That completes the install. Next Windows Azure will launch Neo4j – and we receive MAGIC!

Brief comments

This version has a few manual deployment steps to many which we will mitigate in the subsequent versions of this project.
Diagnostics in Windows Azure could not be simpler; Neo4j logs it’s activity, as most servers do, to a configurable directory. Windows Azure is enabled to include custom directories in the standard diagnostics collections which is easily configurable on the machine at startup. This means you can reach the Neo4j diagnostics output for debugging and monitoring.

We will also store the data files of the graph database in a blob in Windows Azure Storage. This will make the database automatically triple-redundantly backed up with automatic fail over. This is built into Windows Azure with no extra effort on our part.
Let’s go into a bit more technical detail below. If this is not your cup of tea; scroll to the end for the summary!

How we have done it


There is much less code in this solution than you perhaps think? All we need is a hosting project which will host Neo4j in Windows Azure. It also takes care of downloading, installing and configuring Neo4j.
Apart from the tests in our solution we have (in alphabetical order from the screen shot):

  • CollectDiagnosticsData: A small project to trigger diagnostics transfer from our Cloud instance to Cloud storage. This is only used for debug purposes and is not a part of the deployed solution. The trigger is fired from a console window on your local machine when and if you want to view the logs of the application.
  • Diversify.WindowsAzure.ServiceRuntime: A general library that enhances testability in the Windows Azure SDK.
  • Neo4j.Azure.Server: The Windows Azure deployment definition project.

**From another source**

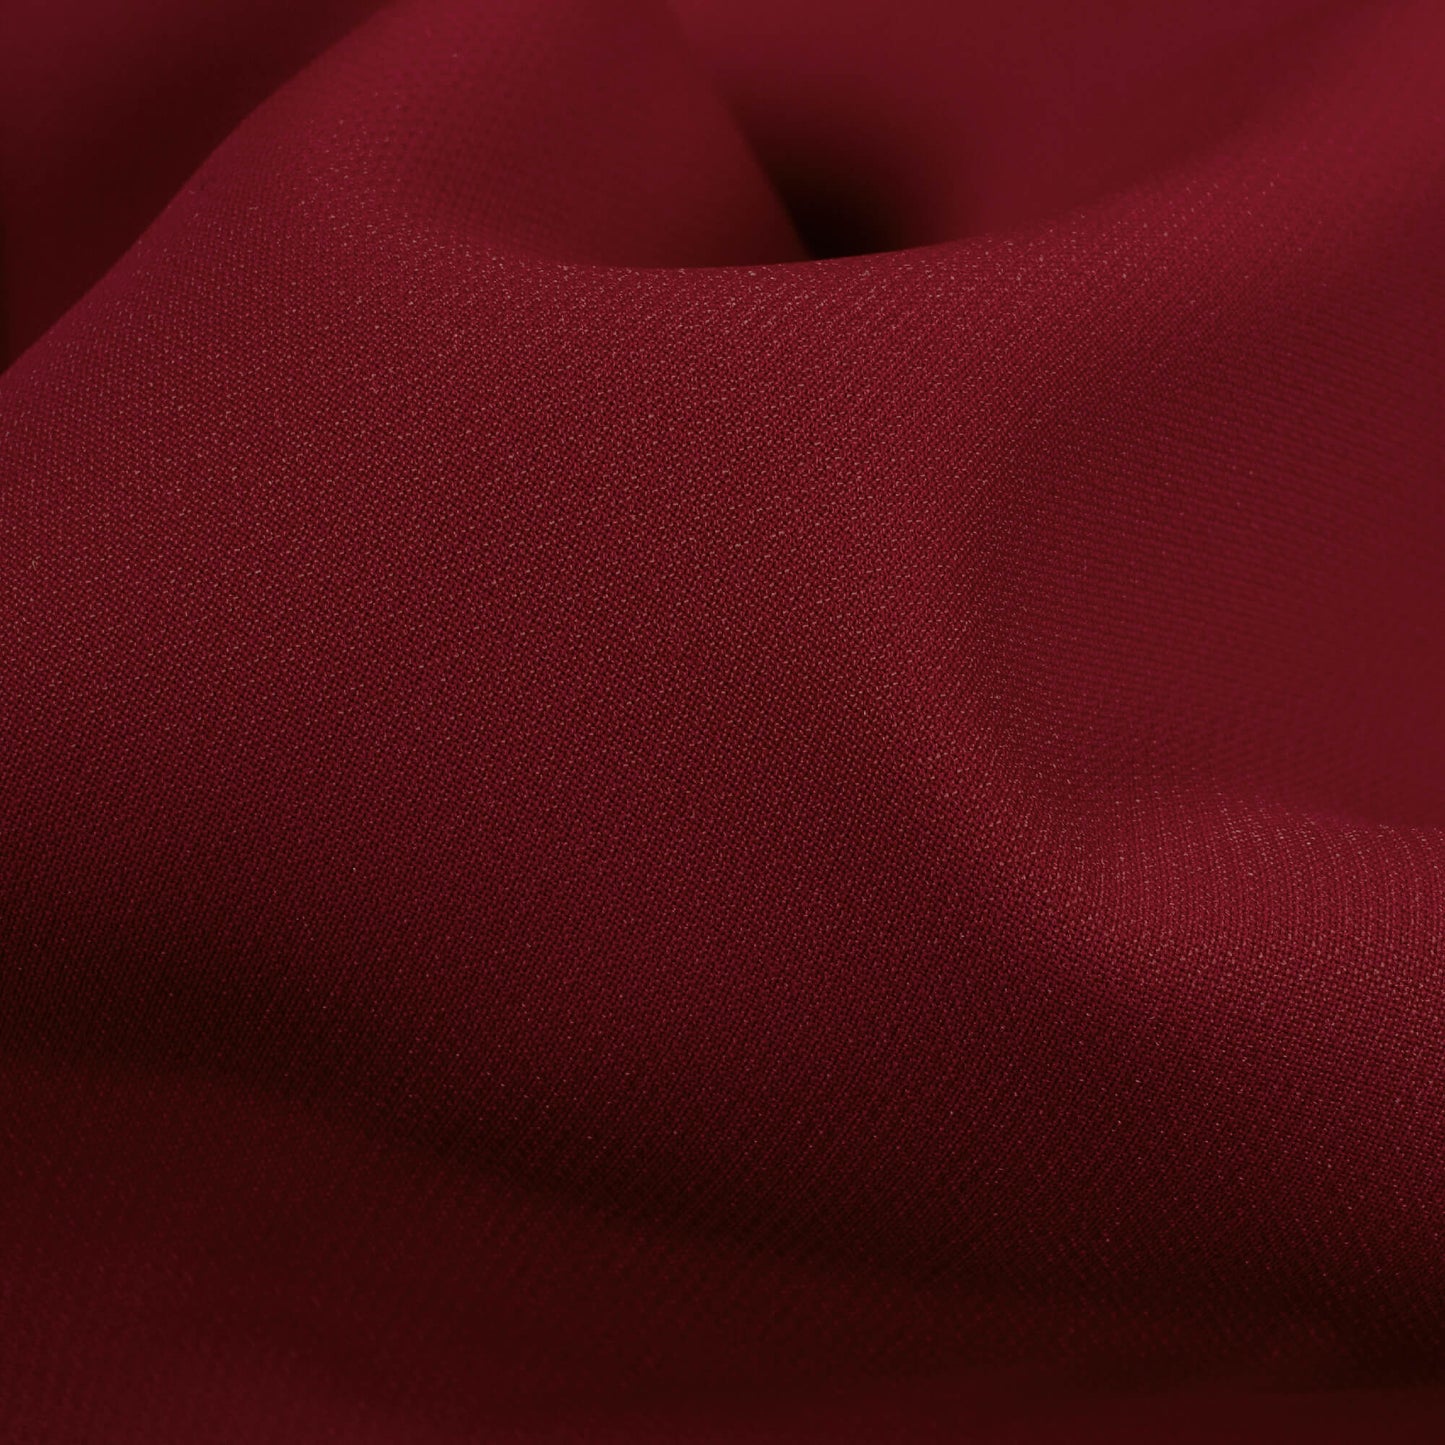 Maroon Plain Vintage Crepe Fabric (Width 56 Inches)

This is the thing that is packed up and deployed to Windows Azure. It acts as a bag with configuration for the projects that make up the application.
  • Neo4jServerHost: A Windows Azure Worker Role project that hosts Neo4j.


Having the application configuration settings separate from your code in Windows Azure is key. The way we have coded our solution is to extract all external links and configuration settings from the code and put it in the Service Definition file* of our Windows Azure Solution. When we have done that we can specify the associated configuration values in the Service Configuration file*.
This gives us the ability to, for instance, upgrade the version of Neo4j simply by replacing the zip-file in blob storage by modifying a few configuration values. No code change required.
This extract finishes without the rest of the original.